What the task asks:
Transcribe the whole listing below without changing a word, but leave out every image.

Data excerpt:

-- Opening Marker --

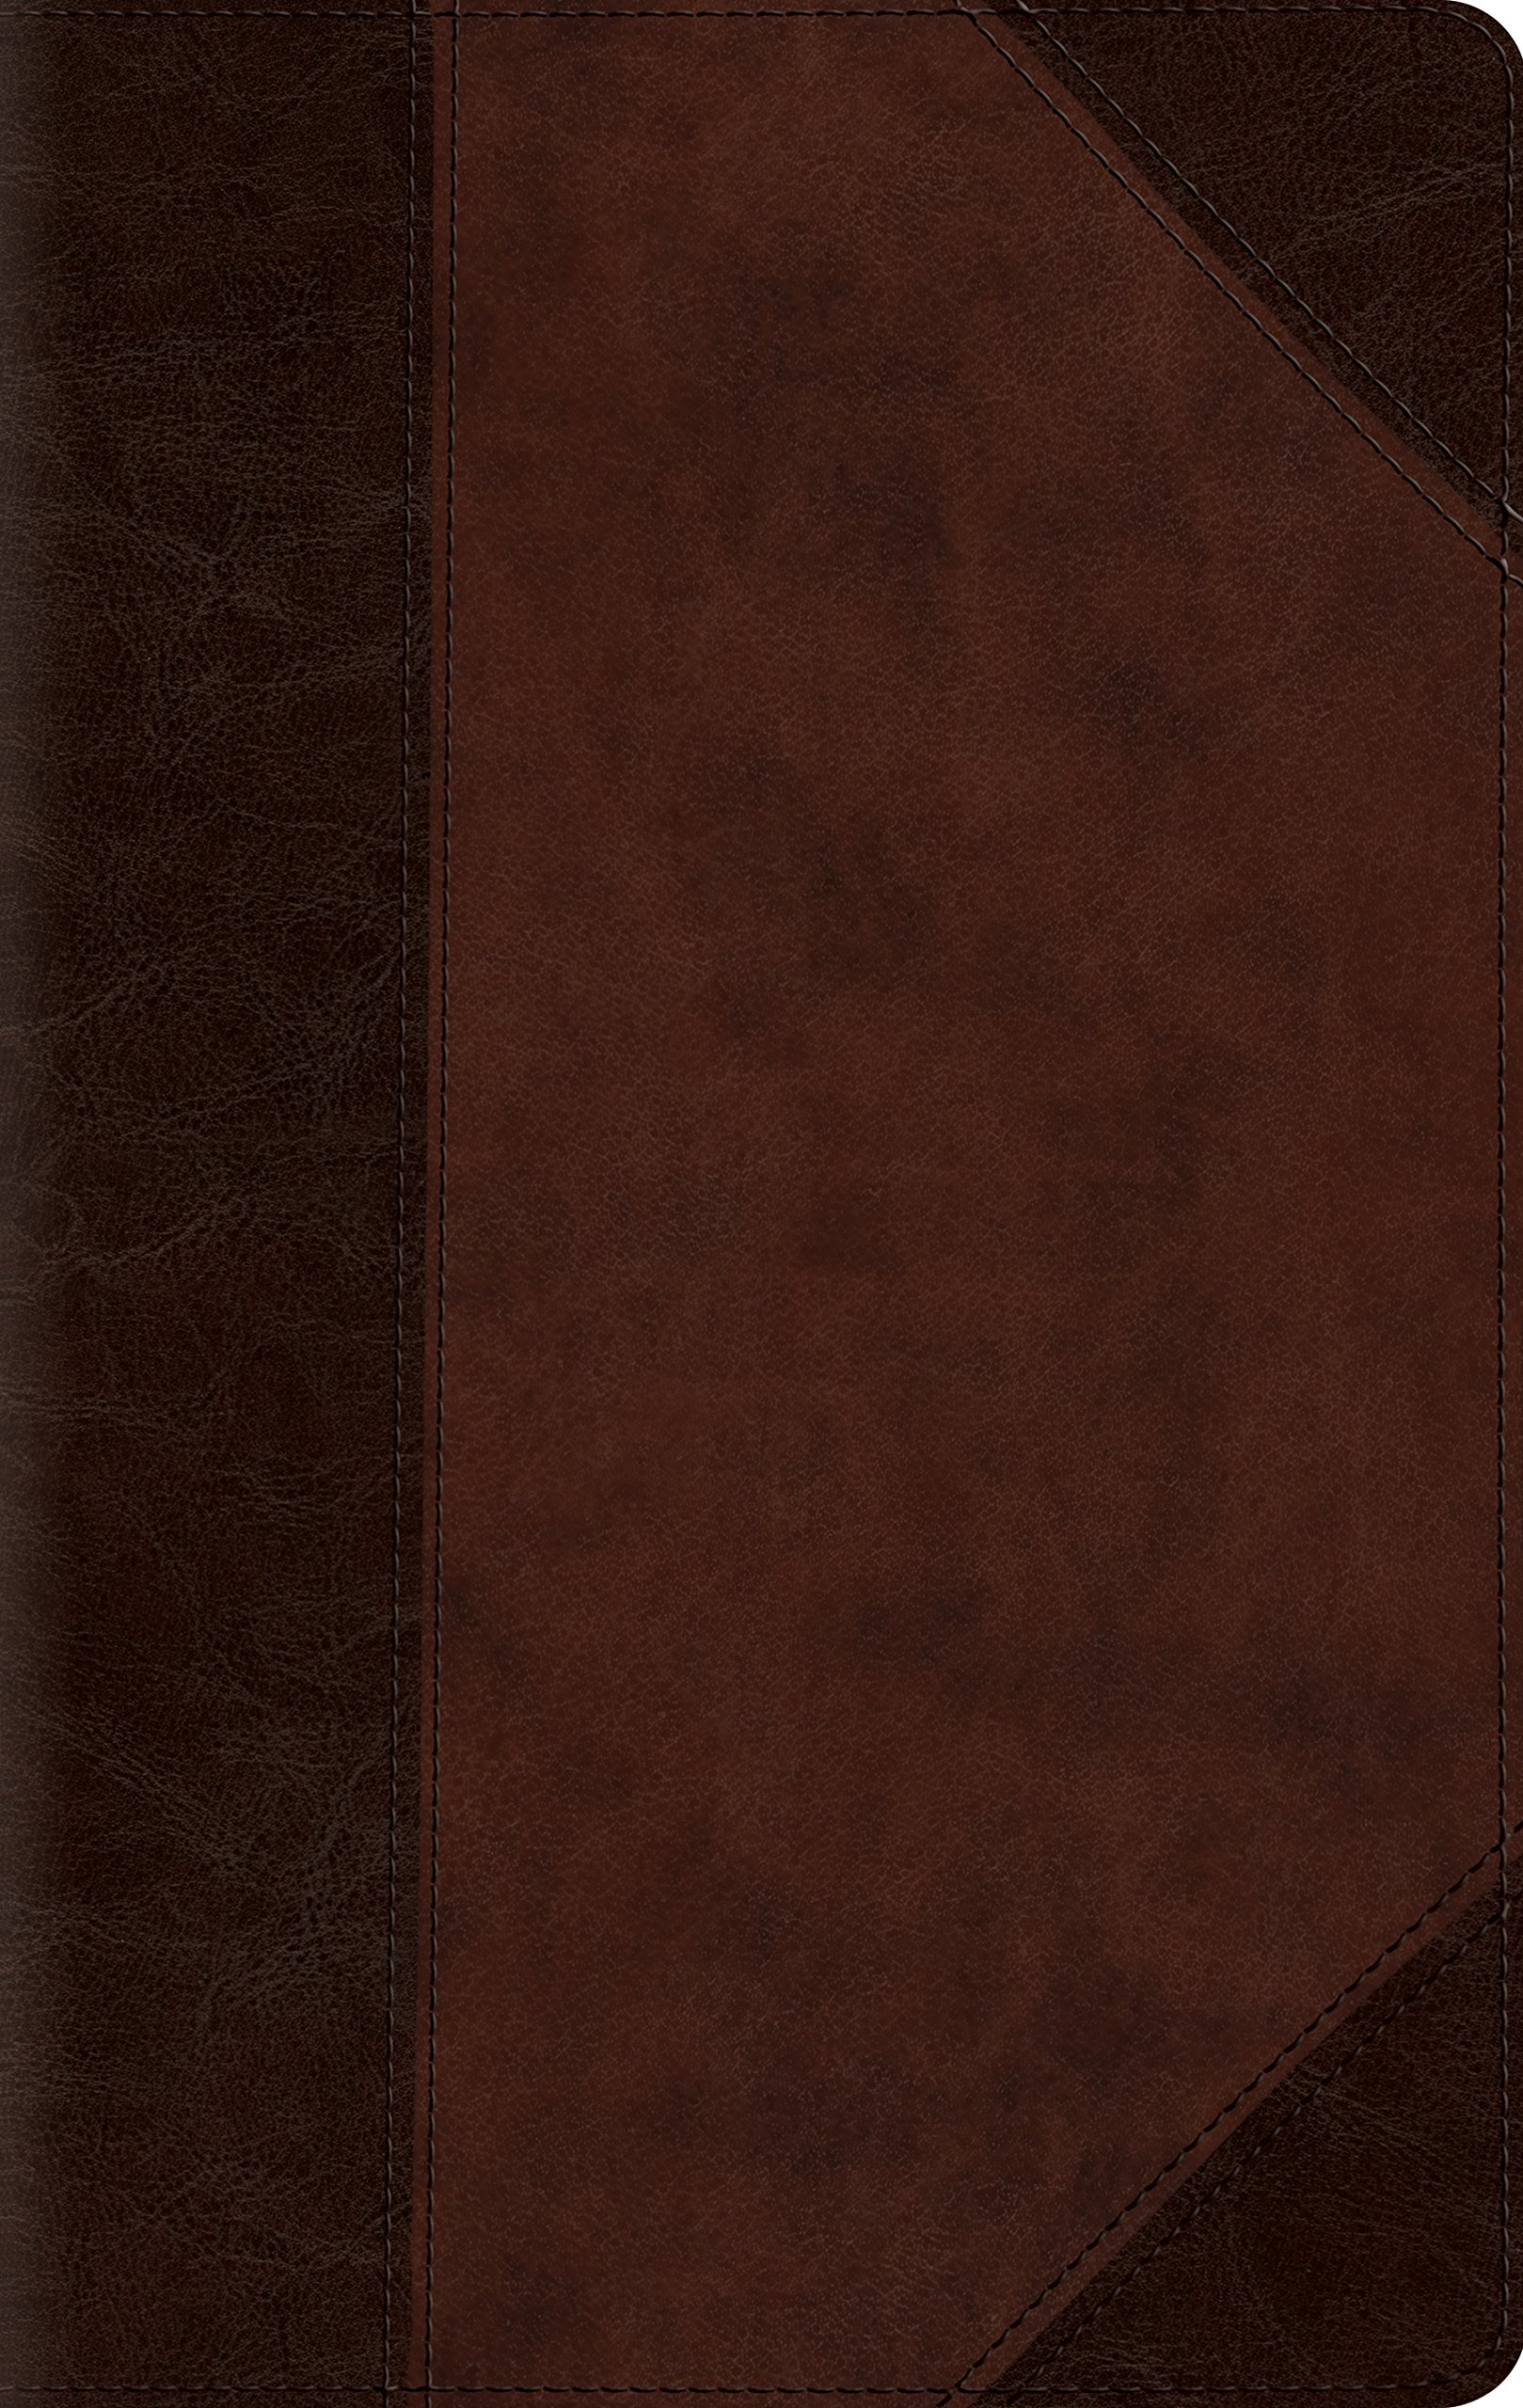 ESV Large Print Compact Bible (TruTone, Brown/Walnut
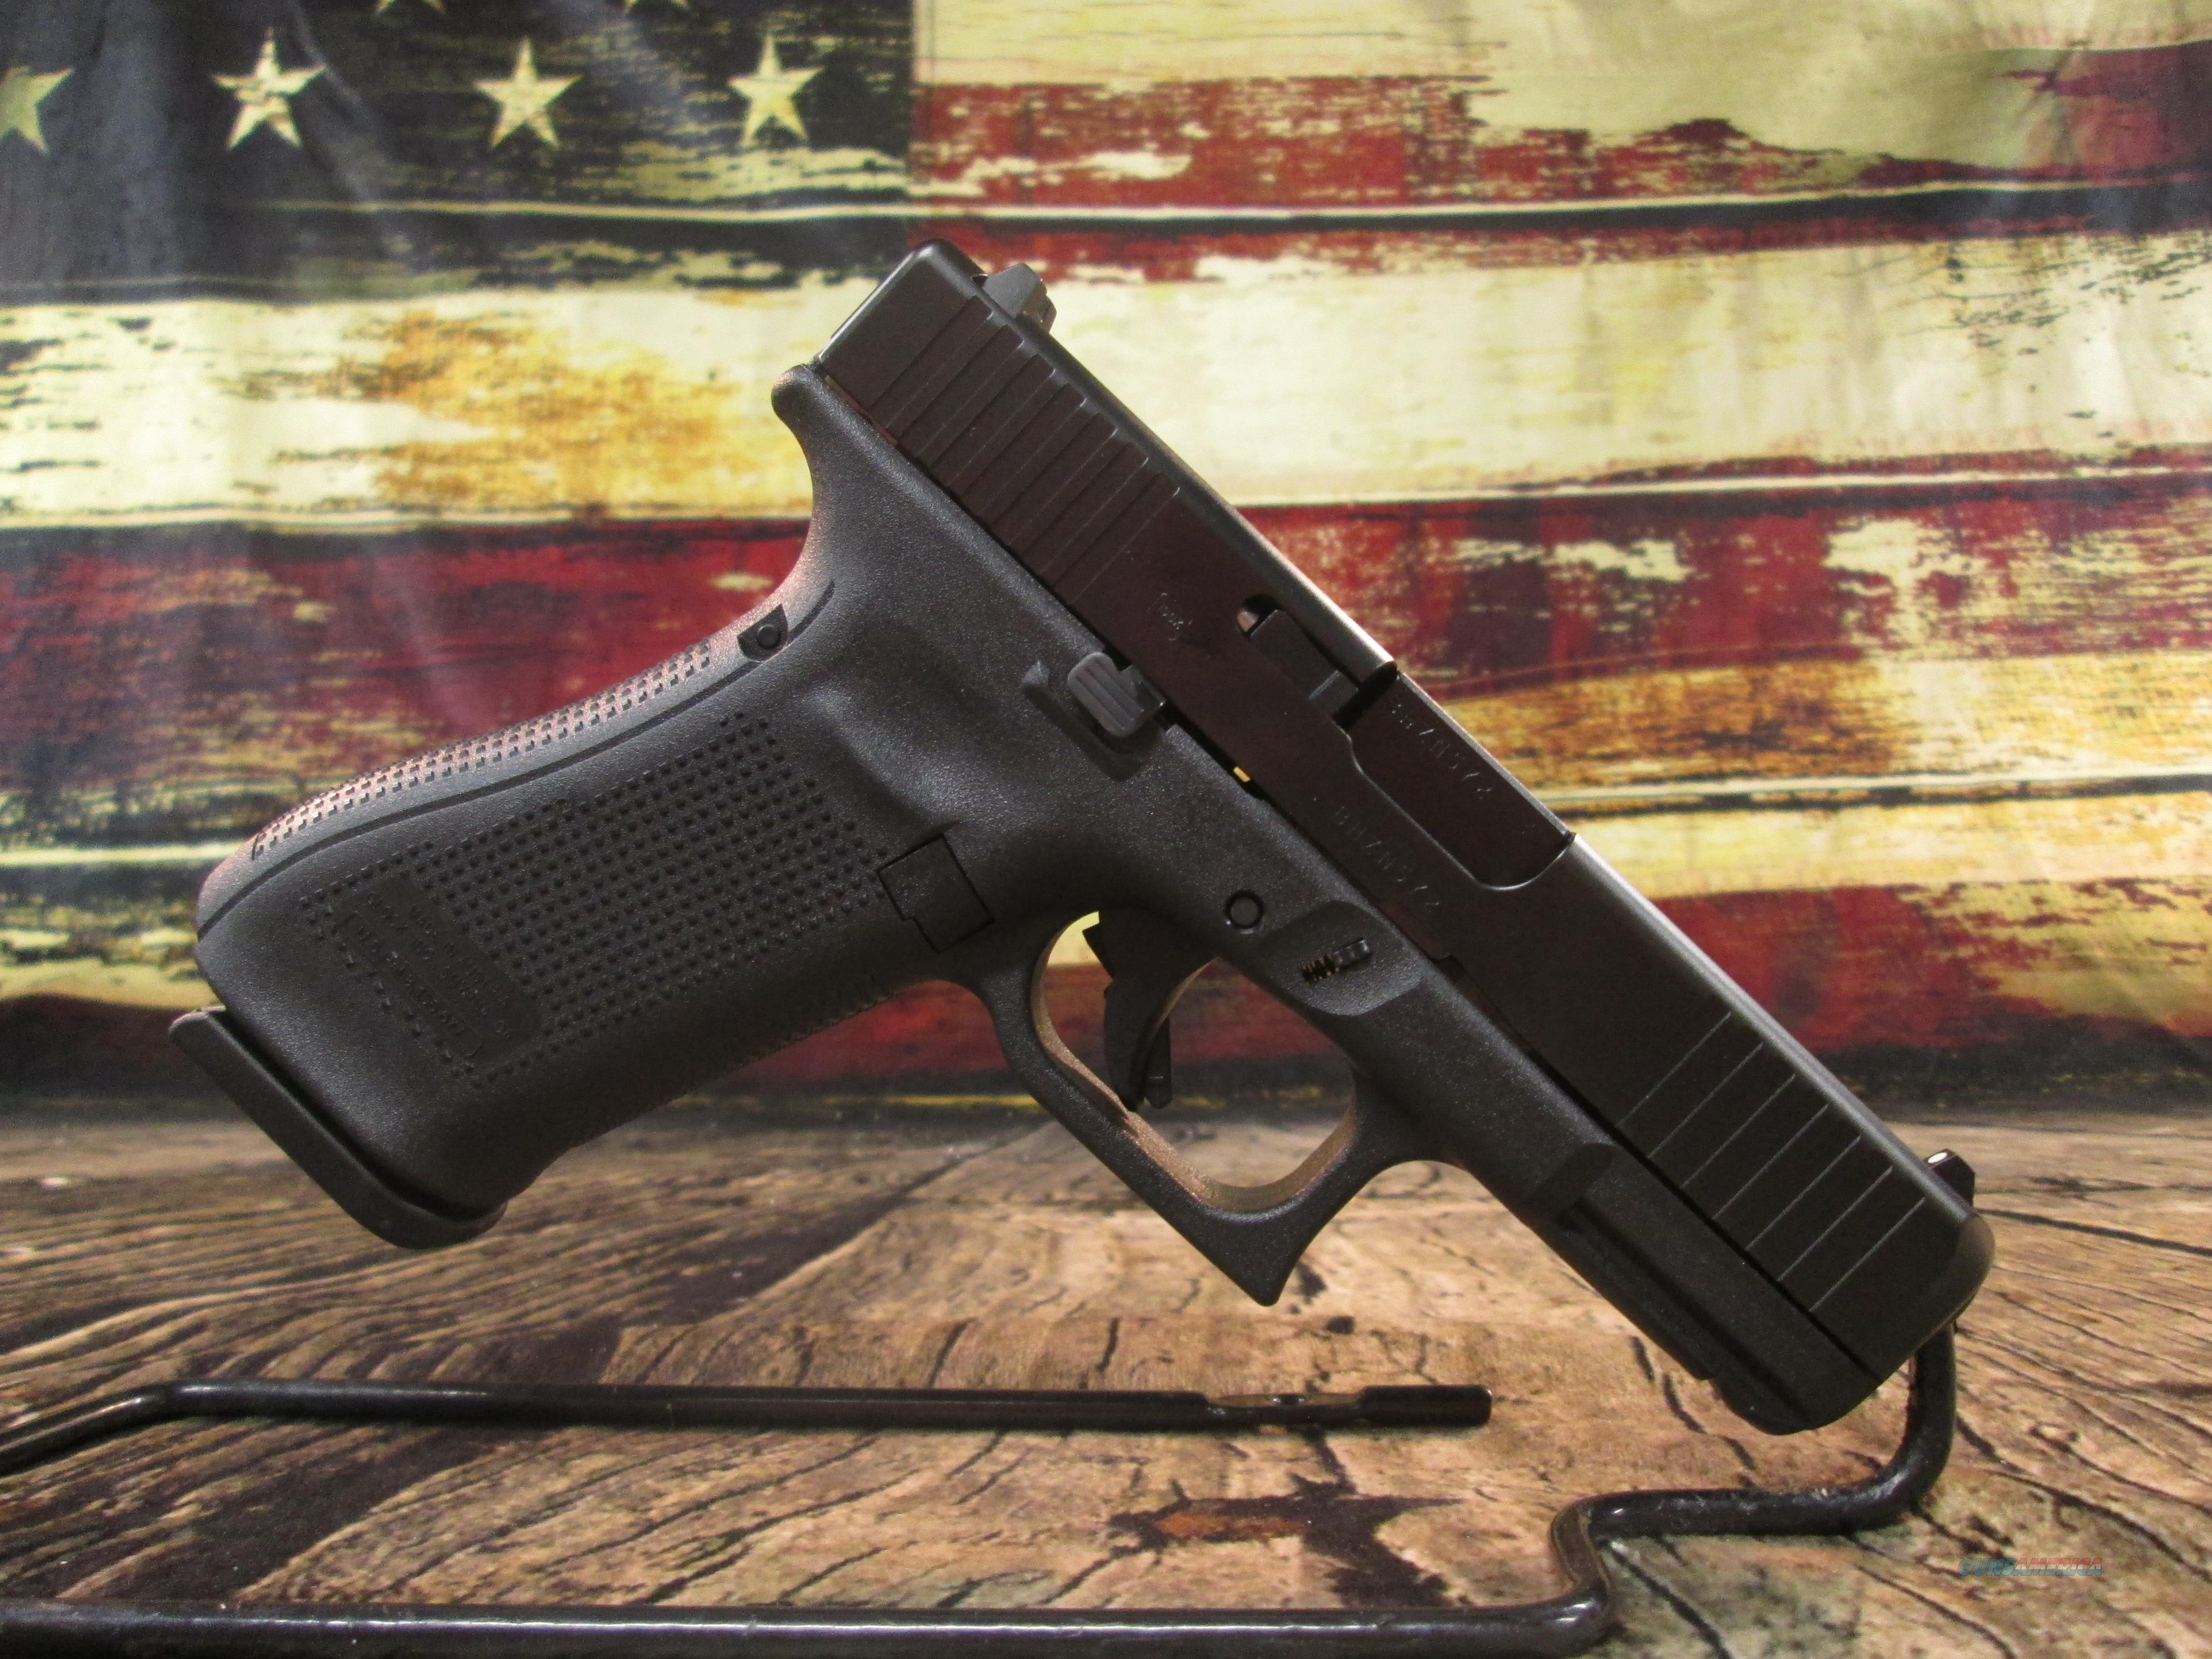 Glock Model 45 Gen 5 .9mm New (PA455S203)   Guns > Pistols > Glock Pistols > 19/19X
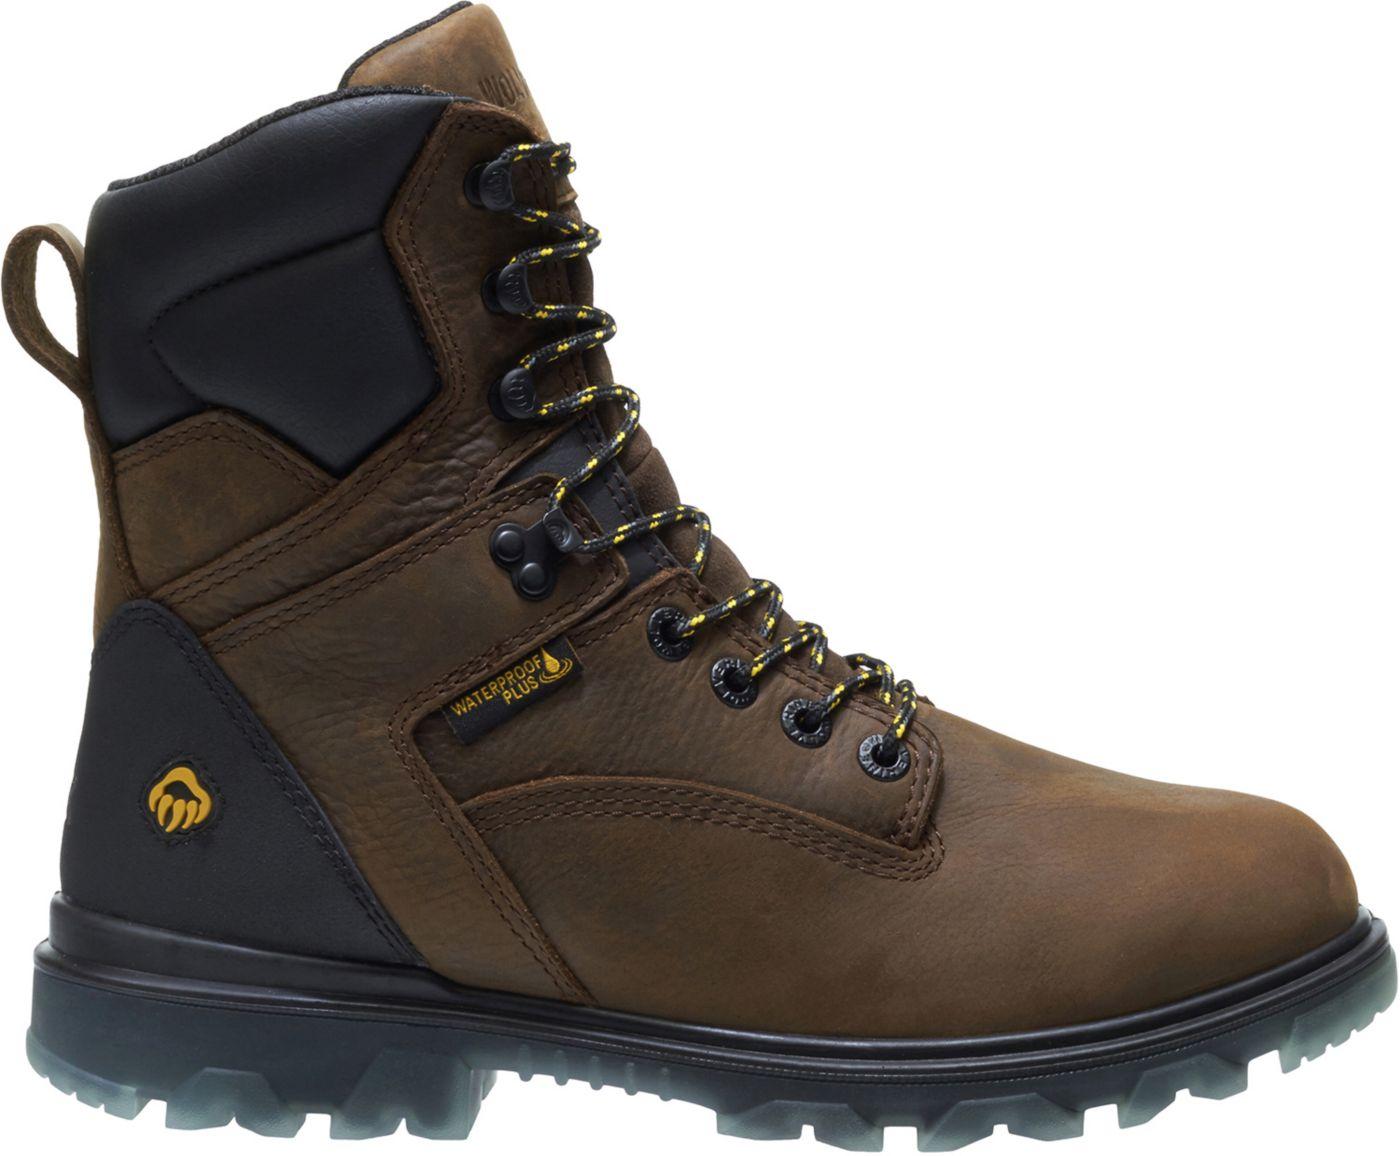 Wolverine Men's I-90 EPX 8'' 400g Waterproof Work Boots

-- Closing Marker --

Completed task:
 ESV Large Print Compact Bible (TruTone, Brown/Walnut
 Glock Model 45 Gen 5 .9mm New (PA455S203)   Guns > Pistols > Glock Pistols > 19/19X
 Wolverine Men's I-90 EPX 8'' 400g Waterproof Work Boots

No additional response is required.